Although the synchrotron, or electron accelerator, has been in operation since September, several secondary projects remain to be finished.
At present the group is expanding the length, or "arc" of the building which houses the apparatus. The increased dimensions will better accomodate the study of beams of particles coming from the atom smasher, commented Livingston.
Another new part of the center will contain a division for the study of cyrogenics, or low temperature physics. Here the CEA plans to build equipment for manfacturing liquid hydrogen, required for the synchrotron's operation.
Near the present accelerator will be a "cooling tower" for lowering the temperature of water circulated through the magnets of the synchrotron to dissipate its power. This process will require 8,000 kilowatts of electricity.
The project's initial construction began in April, 1958, with work on the machine itself and the superstructure of the office building. Since then, more laboratory facilities and offices for scientists and technical workers have been added.

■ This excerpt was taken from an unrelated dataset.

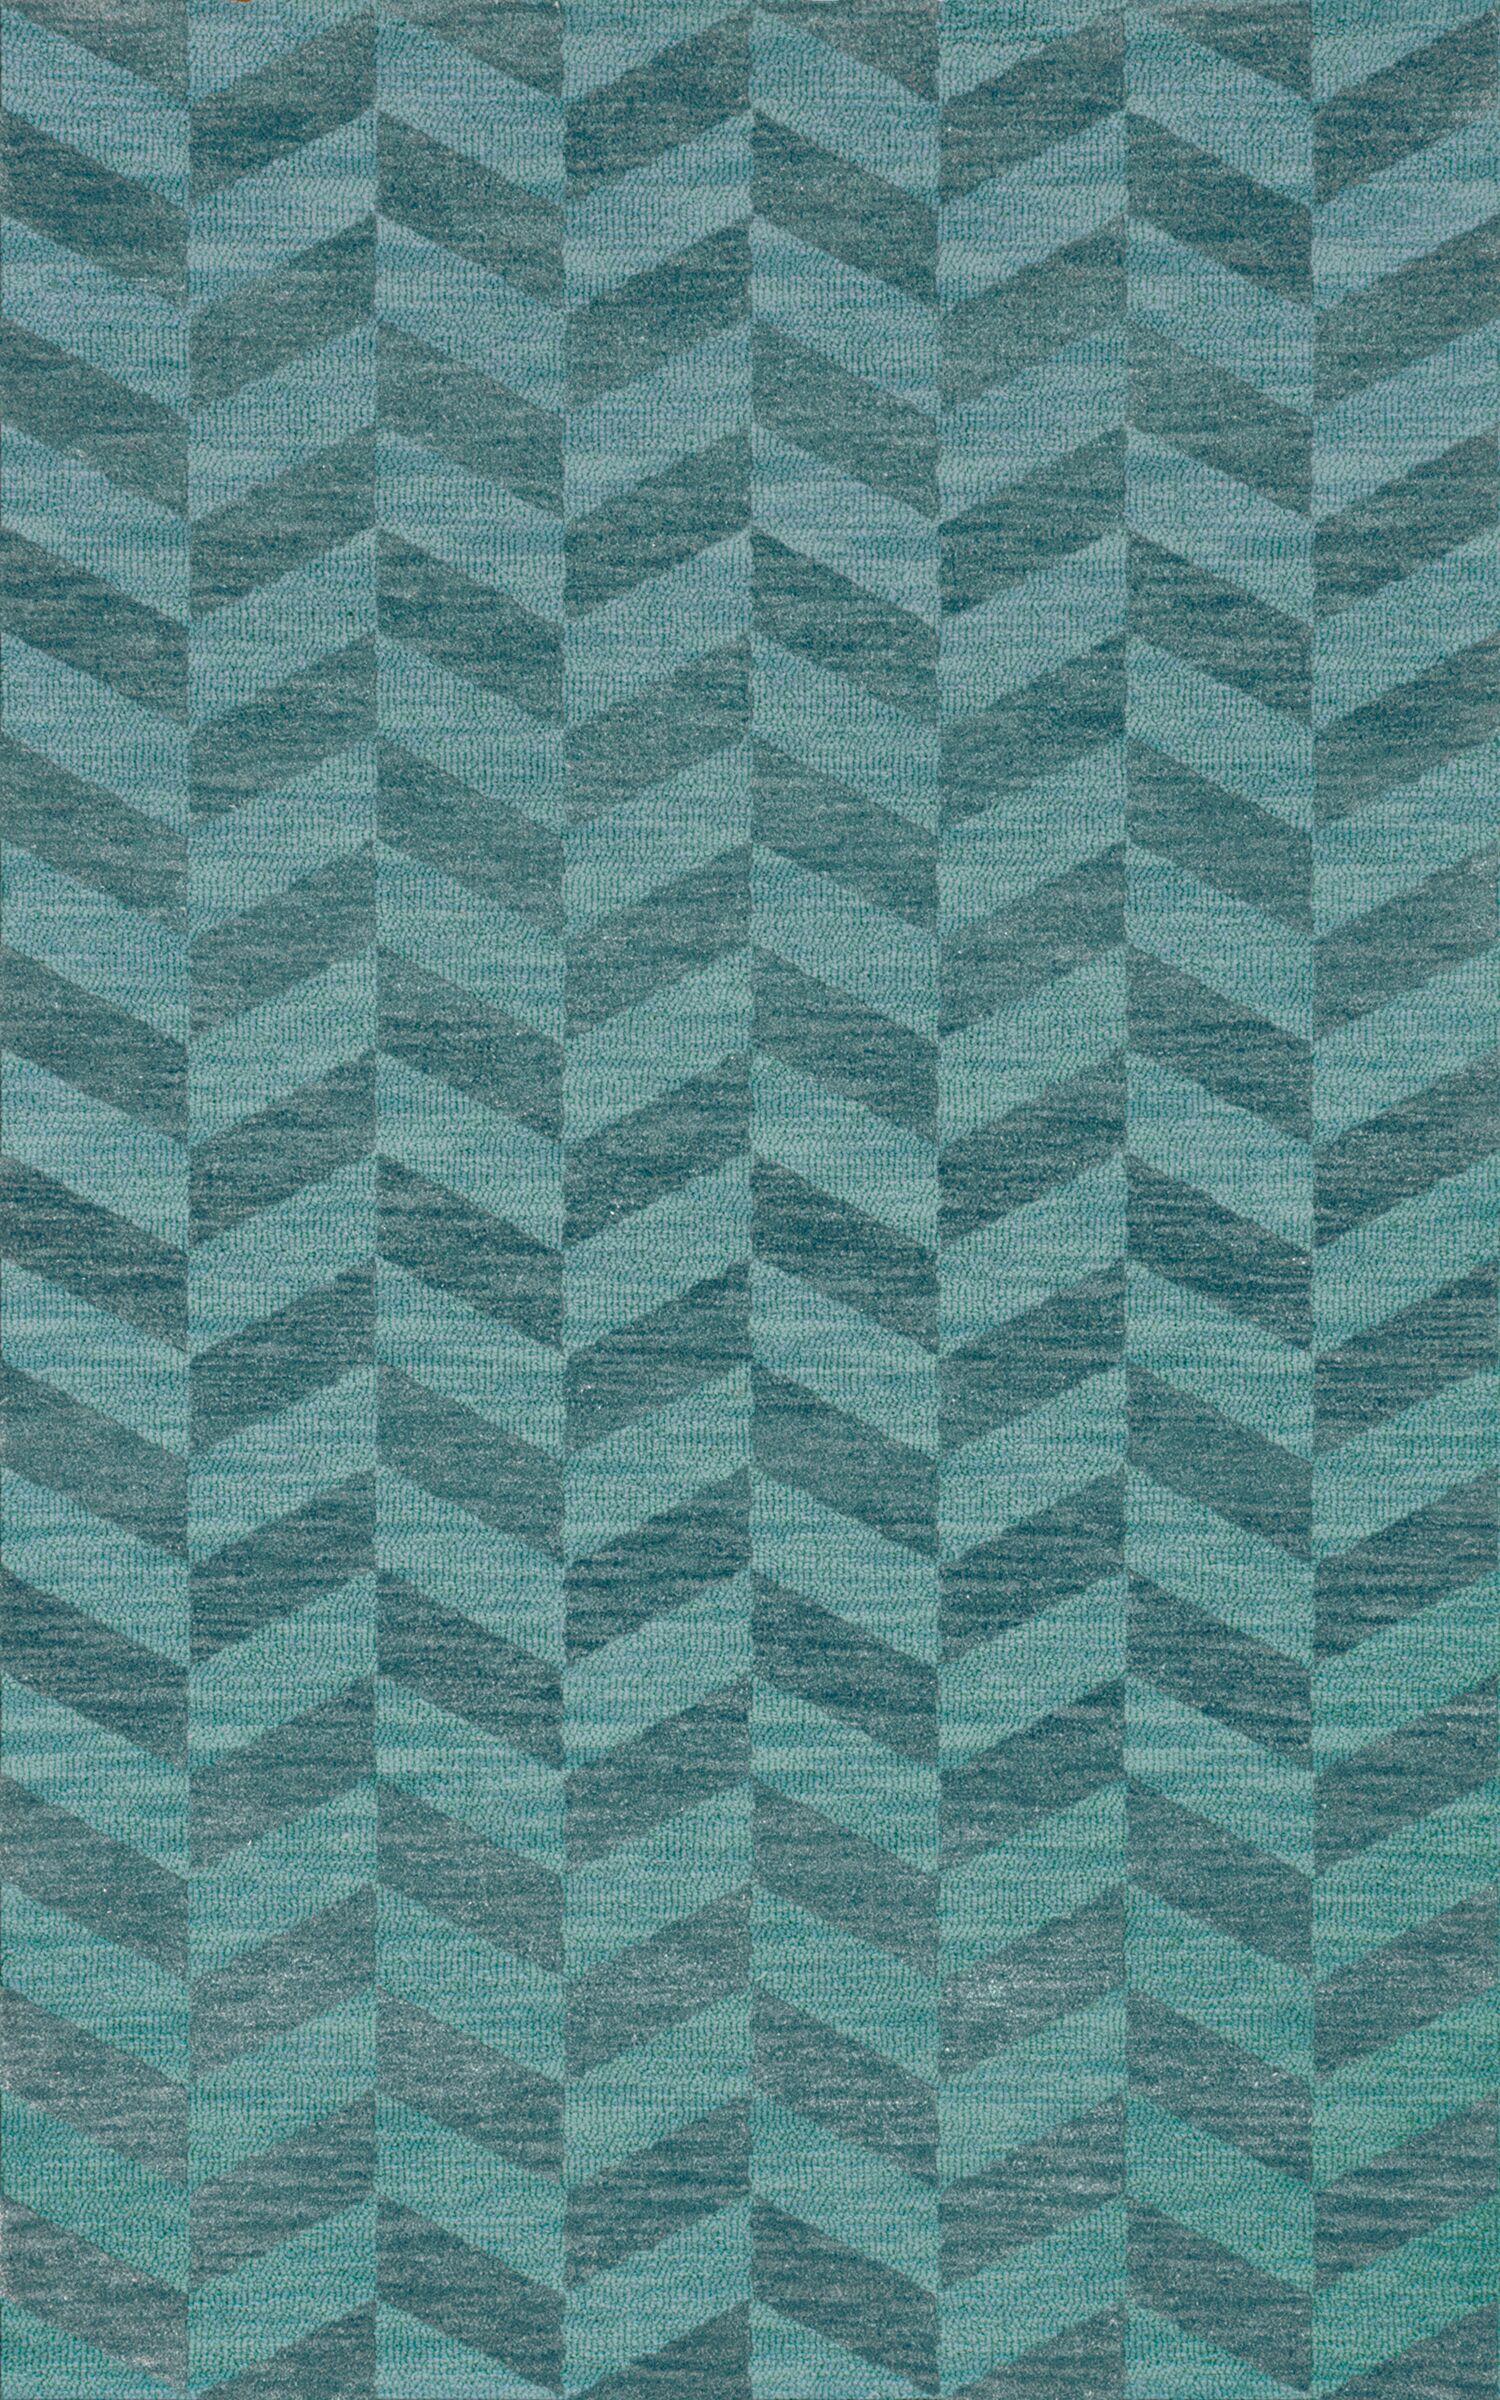 Bella Machine Woven Wool Blue Area Rug Rug Size: Rectangle 3' x 5'
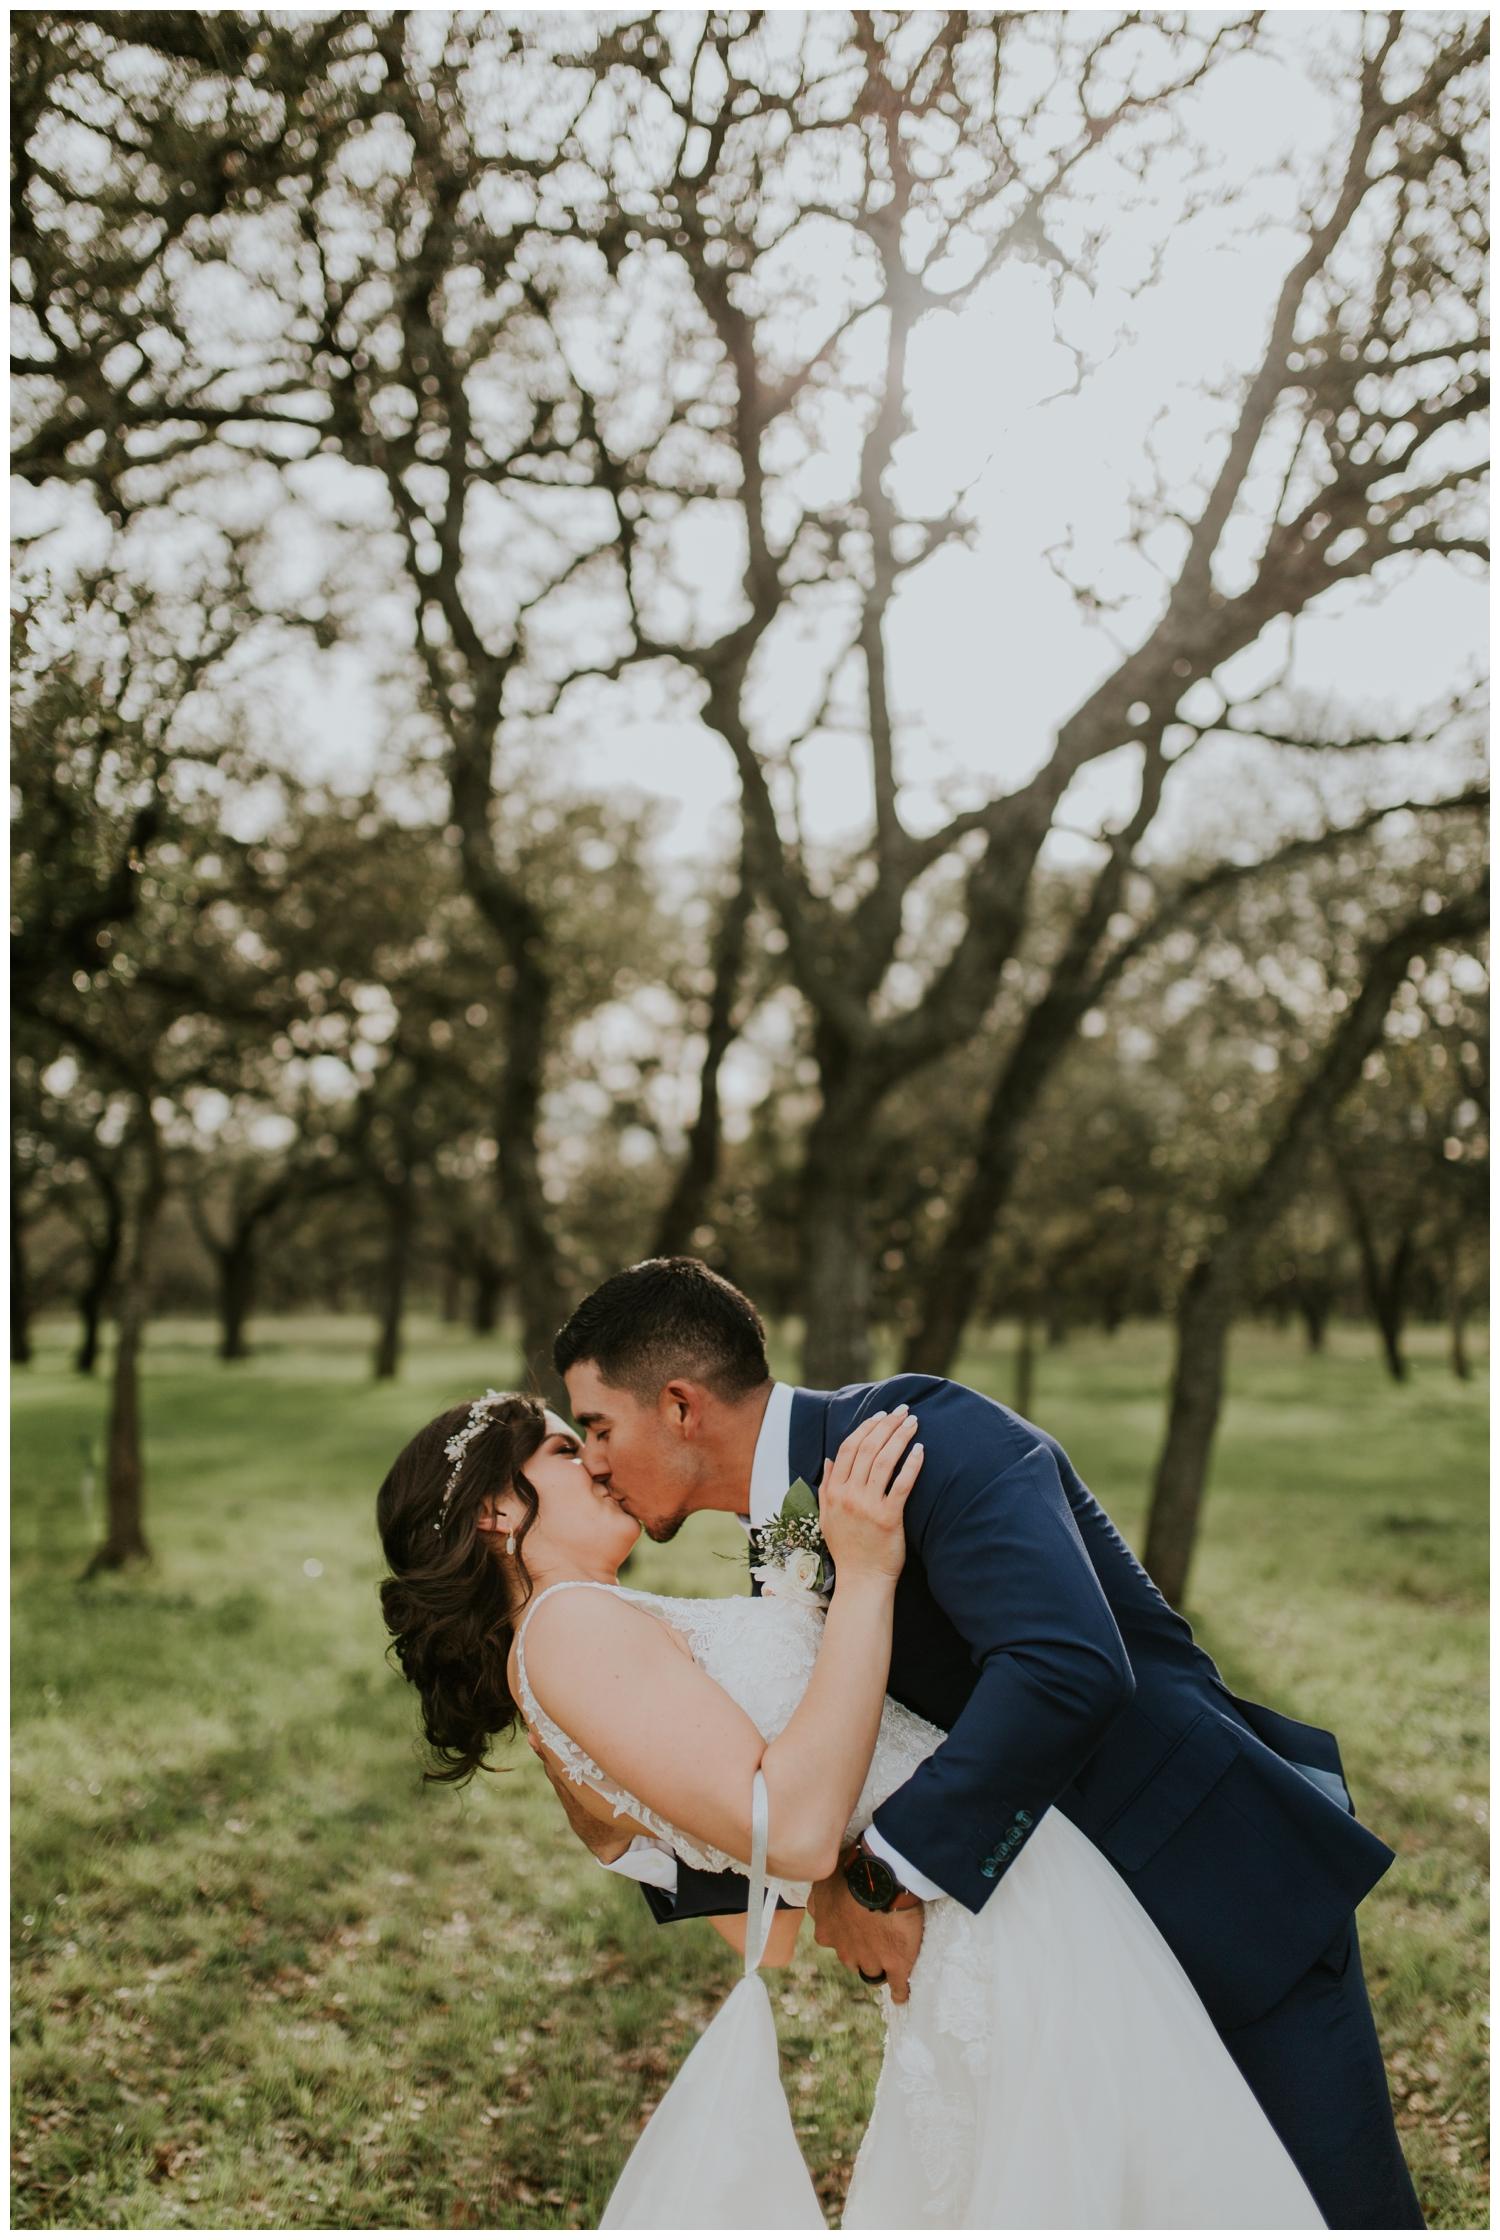 Ashlee+Mike, Featherstone Ranch Spring Wedding, San Antonio, Contista Productions Wedding Photography_0016.jpg

Harvard, MIT, and the Atomic Energy Commission planned the research center for a twofold purpose. First, they will use the apparatus to produce strange particles--short-lived and unstable packets of energy such as hyperons, anti-protons, and anti-neutrons.
The travelling particle receives its energy in a series of electrical "kicks," which increase its speed until it accumulates a total of six billion electron volts.
Secondly, the device will impart high energy to electrons so their scattering may be observed. When completed, it will be the only machine of its kind enabling study of the laws of nuclear forces through the scattering of such high energy electrons.